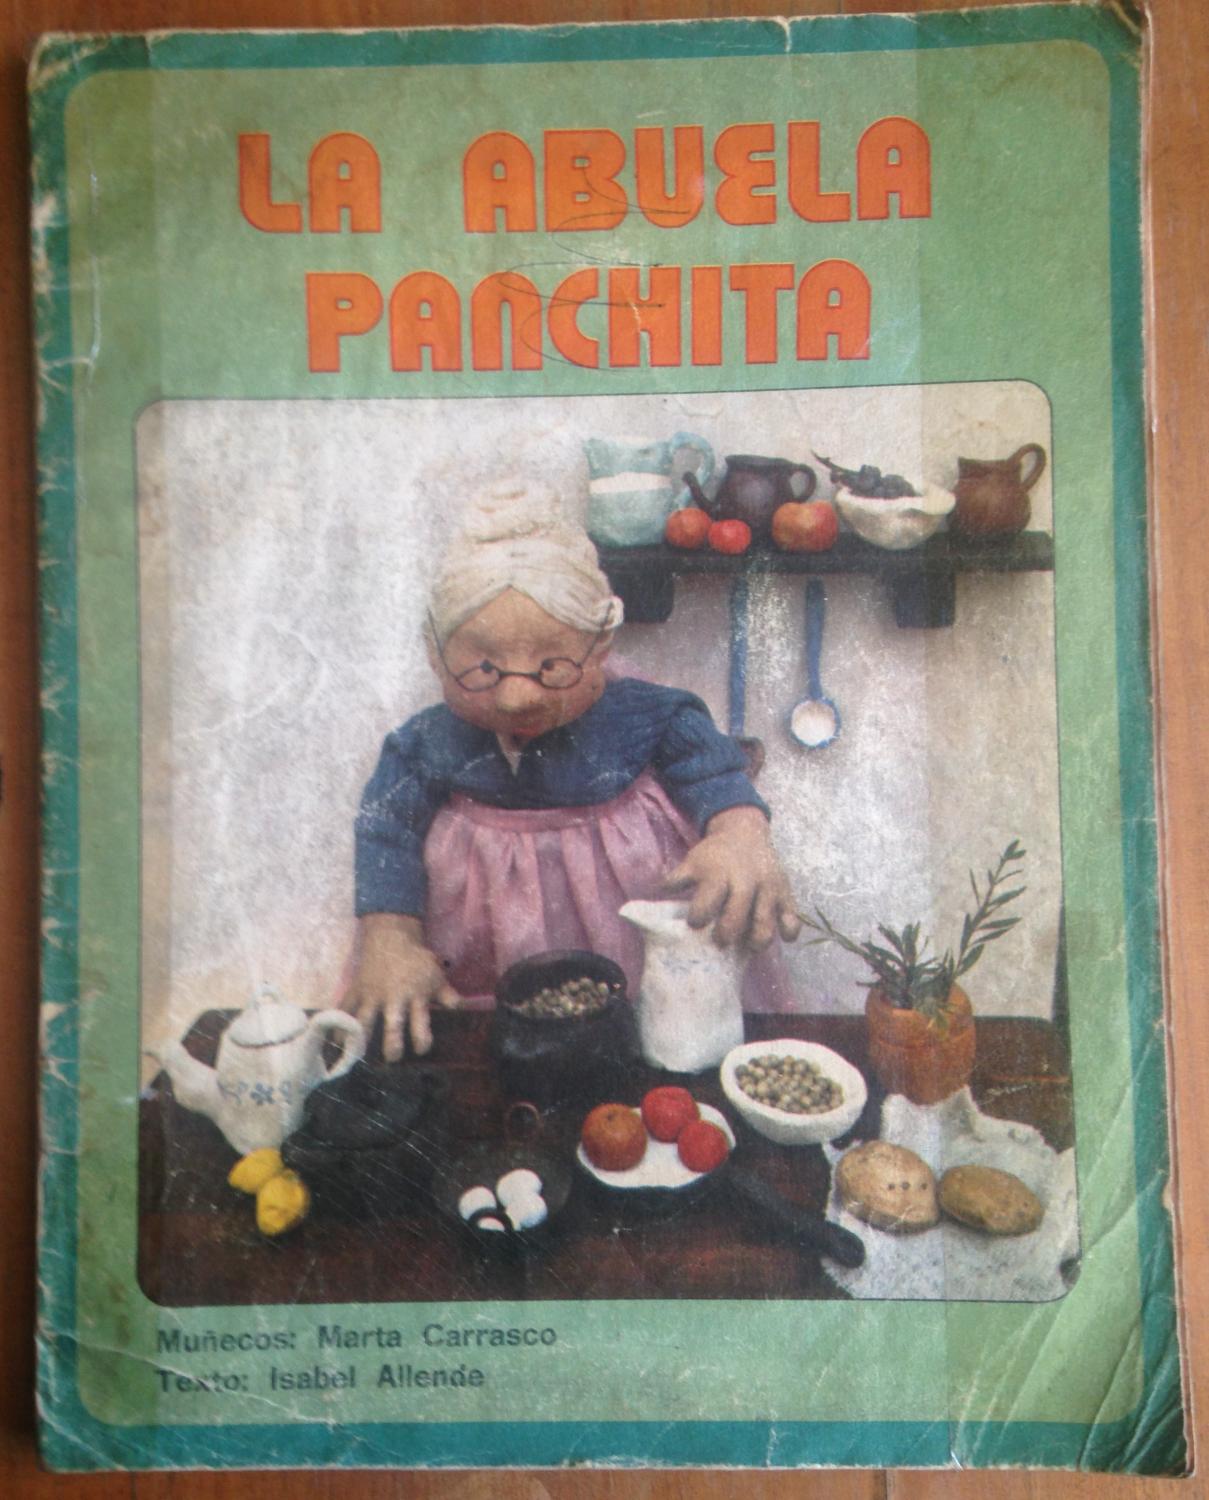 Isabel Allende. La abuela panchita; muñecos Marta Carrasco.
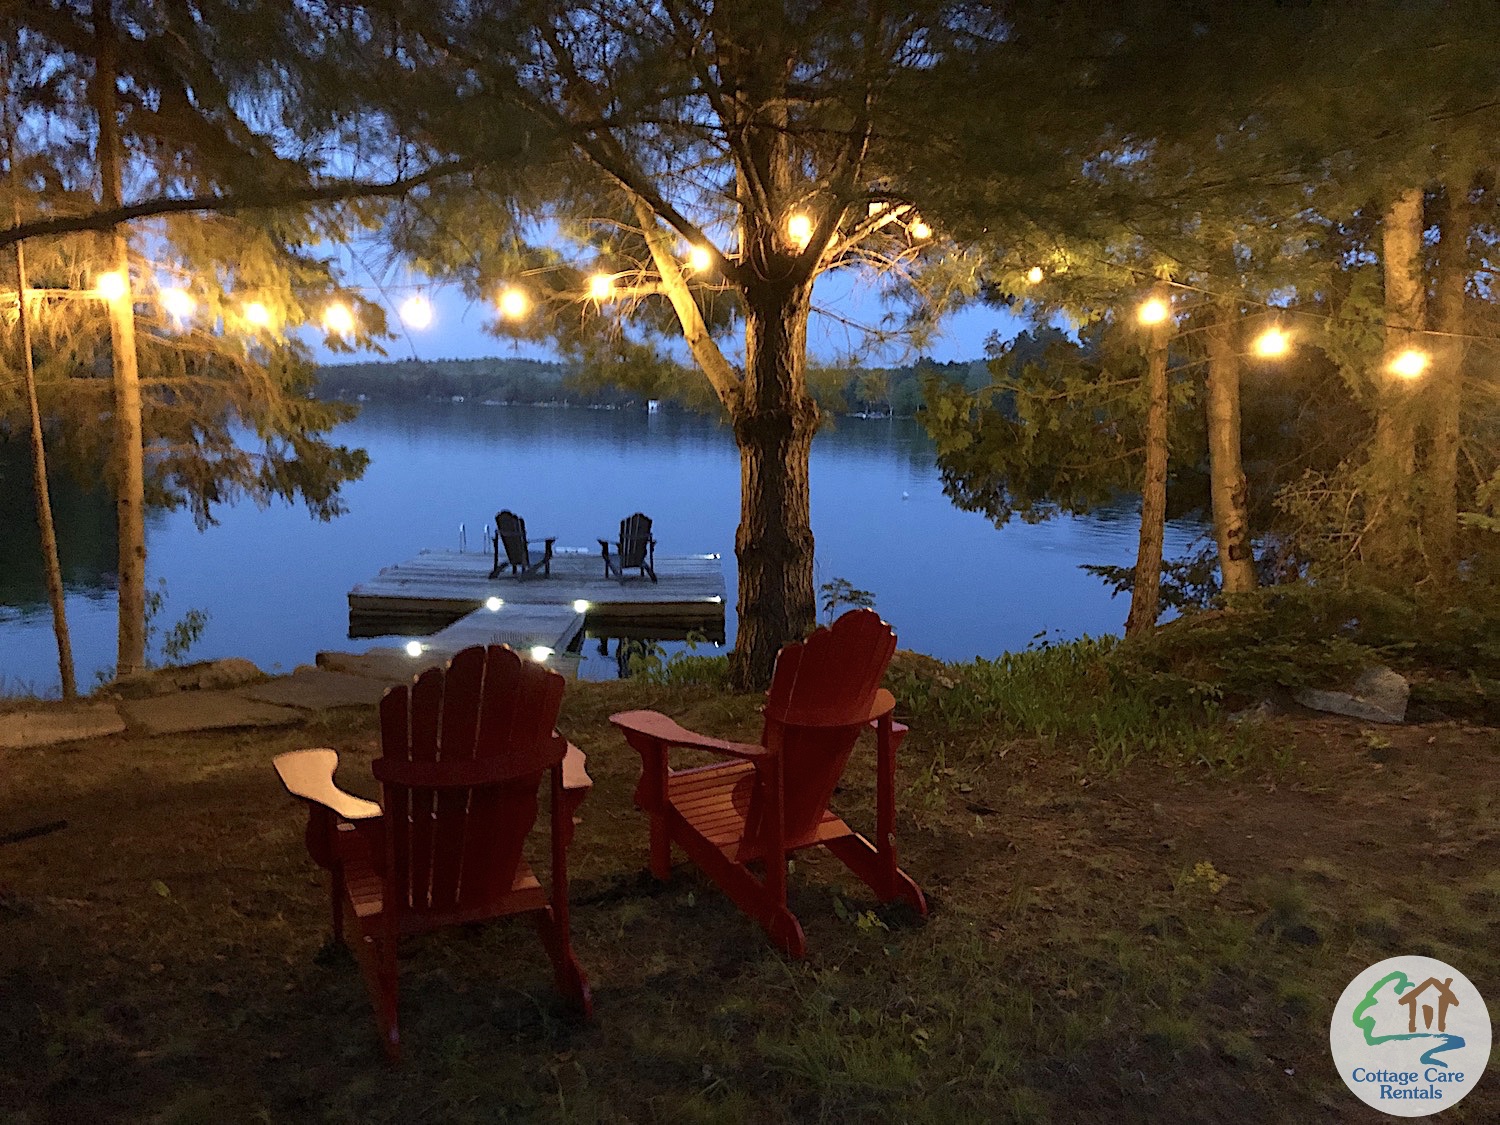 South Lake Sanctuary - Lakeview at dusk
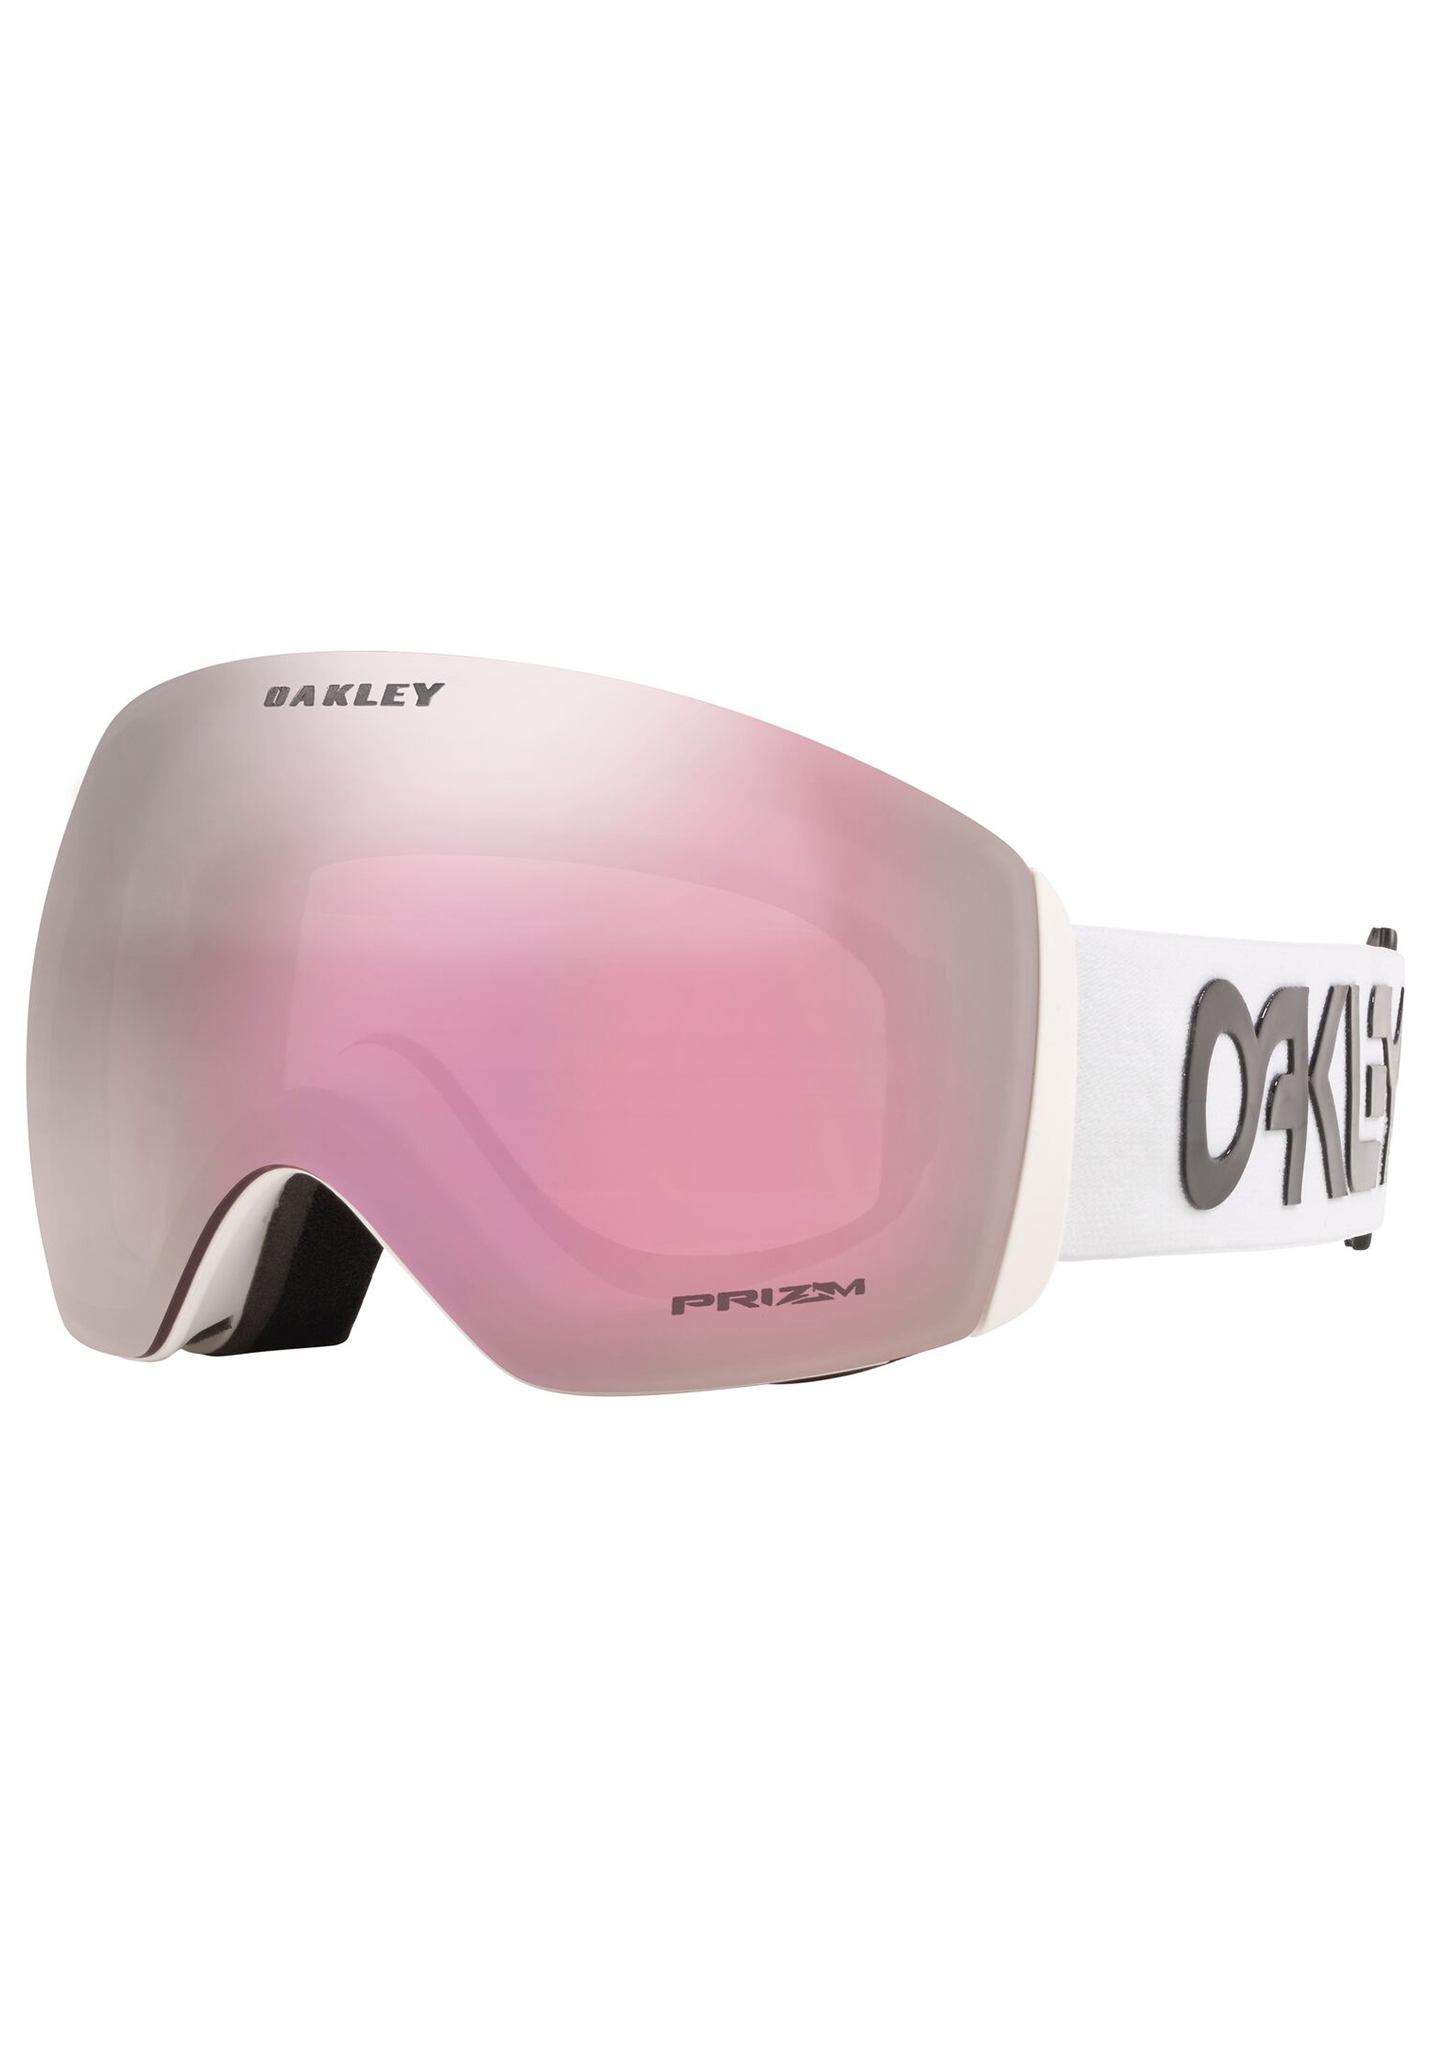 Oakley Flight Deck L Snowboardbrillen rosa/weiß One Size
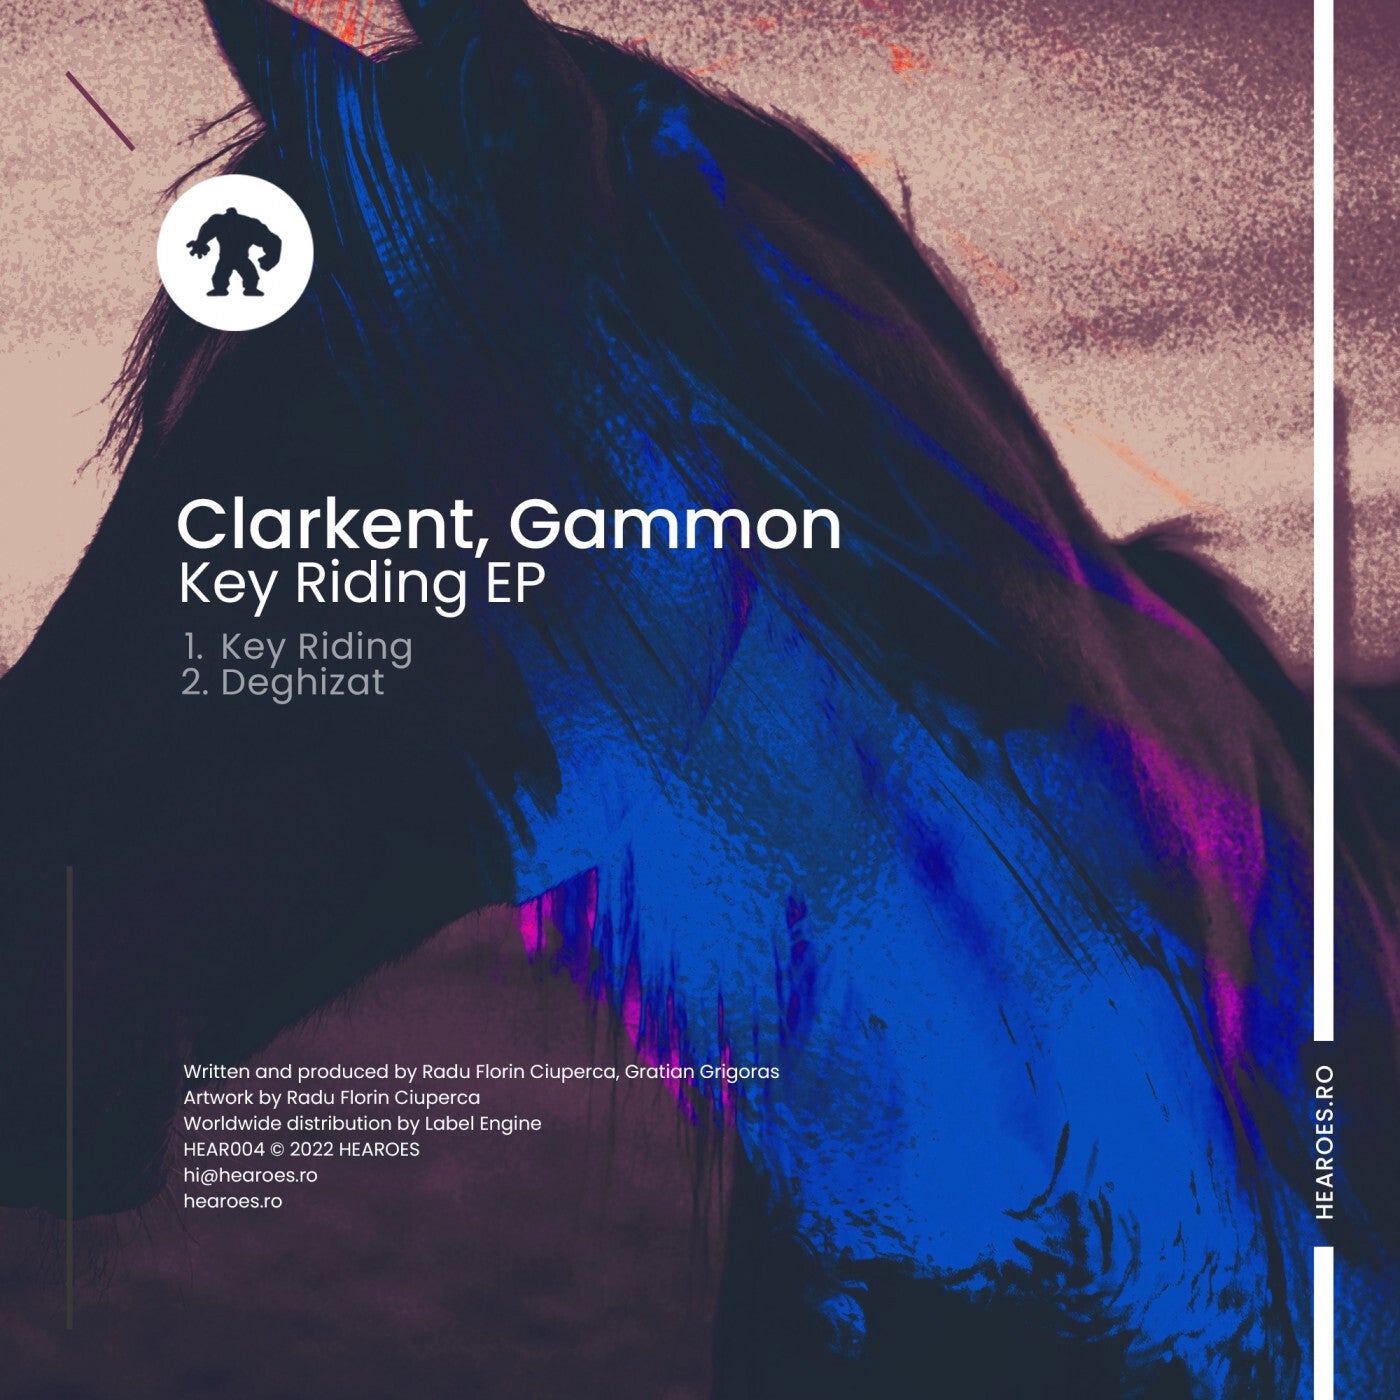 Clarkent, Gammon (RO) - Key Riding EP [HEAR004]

What to do: Beginning at the line that contains "South Lake Sanctuary - Lakeview at dusk", transcribe it and every later line through the last line of the data above, exactly, and drop the pictures.

Answer for this exercise:
 South Lake Sanctuary - Lakeview at dusk
 Oakley Flight Deck L Snowboardbrillen rosa/weiß One Size
 Clarkent, Gammon (RO) - Key Riding EP [HEAR004]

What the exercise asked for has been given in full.